Mitigation: - Phase 0 includes a "Hello World" Temporal PoC — team gets hands-on experience before Phase 2. - Temporal documentation and examples are excellent. Recommended training path documented. - Start with simple linear workflow, add complexity incrementally (branching → parallel → signals) rather than building the full Corporate NL template at once.

Fallback: If Temporal proves too complex in Phase 0, evaluate Camunda 8 as an alternative. Camunda's BPMN model may be more intuitive for business-process-oriented developers.

R2: Modular Monolith Coupling¶

Description: The modular monolith can degrade into a "ball of mud" if module boundaries are not enforced. One module importing from another's internal package is a one-line code change but breaks architectural integrity.

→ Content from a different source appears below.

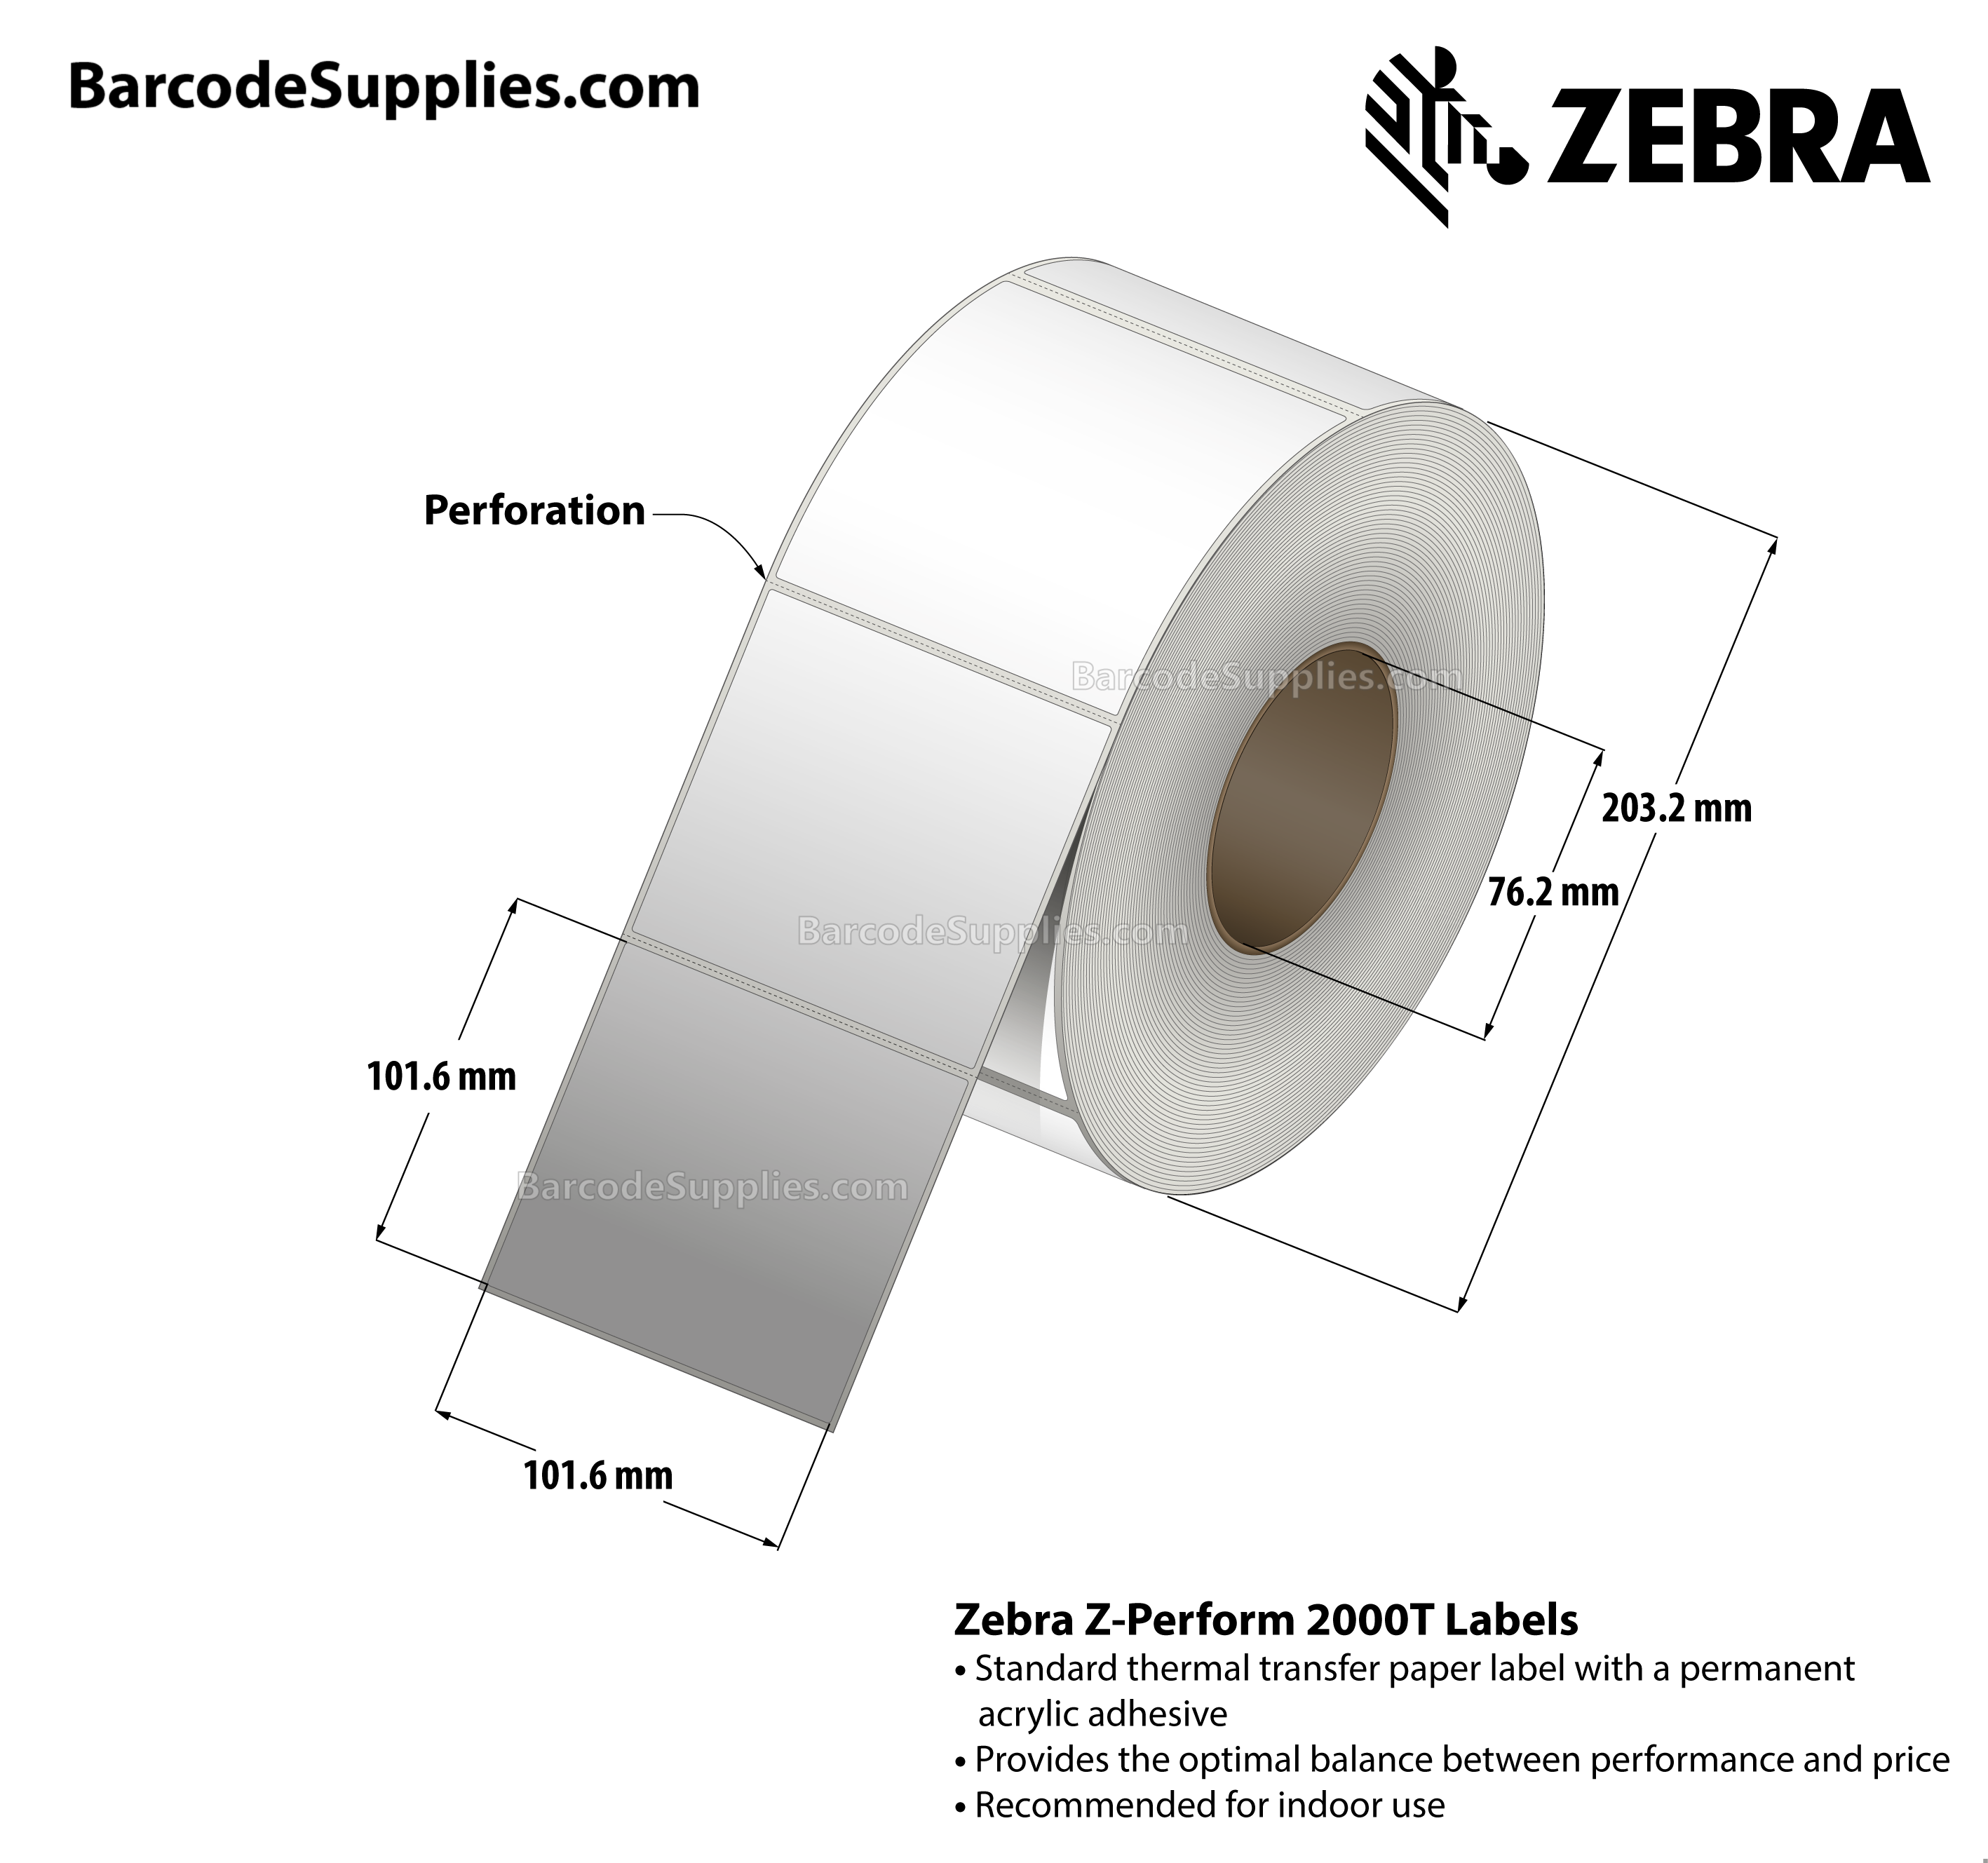 4 x 4 Thermal Transfer White Z-Perform 2000T Labels With Permanent Adhesive - Perforated - 1500 Labels Per Roll - Carton Of 4 Rolls - 6000 Labels Total - MPN: 10000283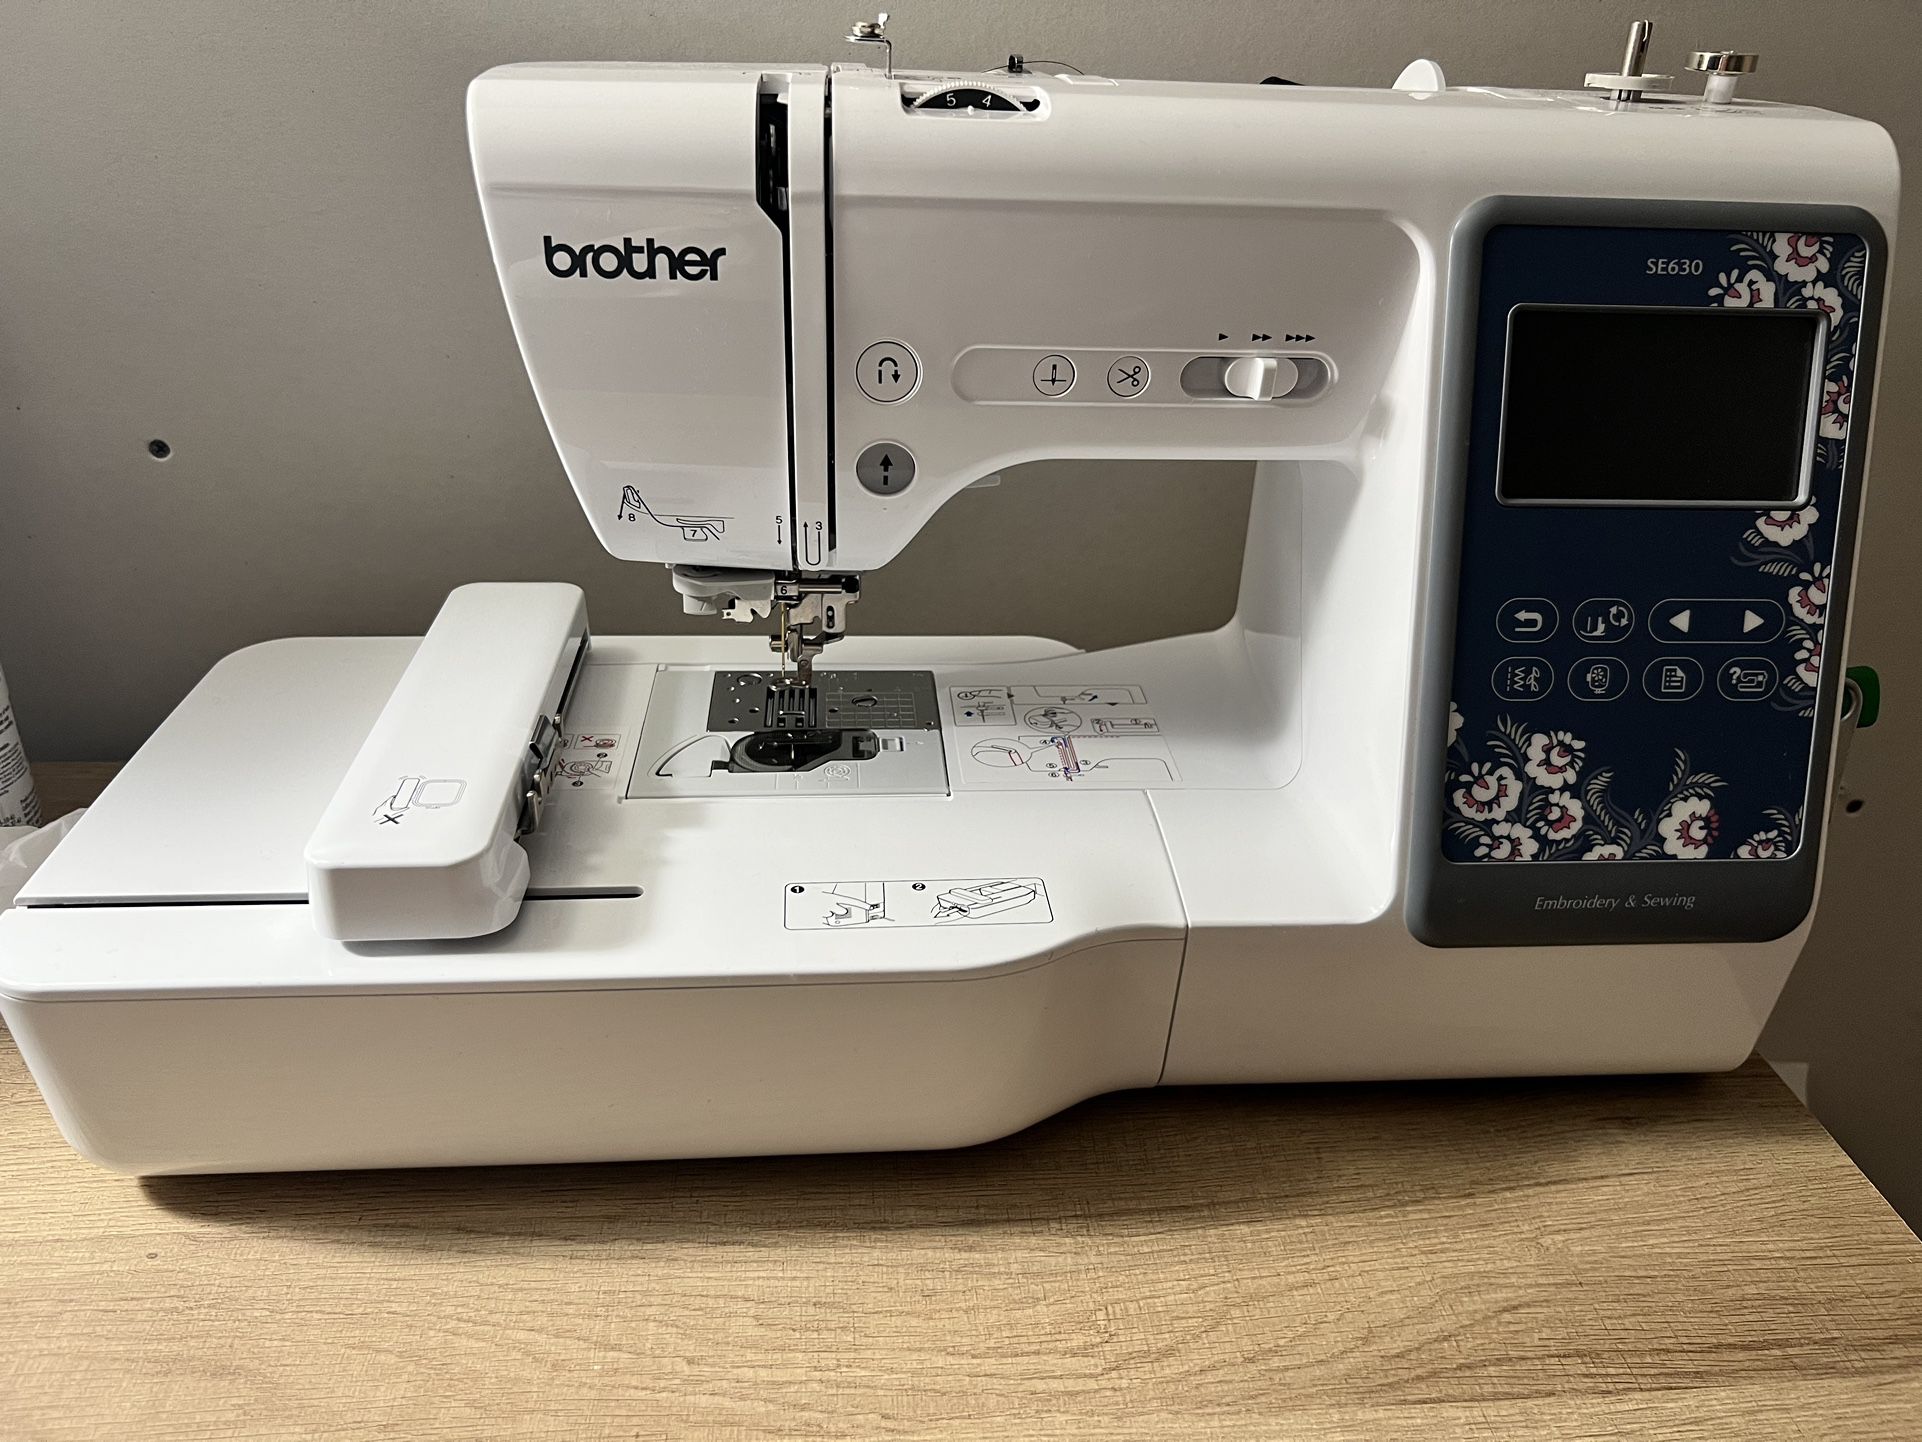 Brother SE630 Embroidery And Sewing Machine for Sale in Suffield

Impact: Extraction to services becomes a rewrite, not mechanical. Development velocity slows as changes ripple across modules.

Mitigation: - ArchUnit tests in CI from Phase 0, Day 1. Any cross-module internal import fails the build. - Code review checklist includes: "Does this PR cross bounded context boundaries?" - Shared kernel (shared/) kept minimal. Reviewed quarterly for bloat. - Module interface contracts enforced at the type level (interface in shared.contract, implementation in domain module).

Leading indicator: ArchUnit violation count. If > 0, stop and fix immediately.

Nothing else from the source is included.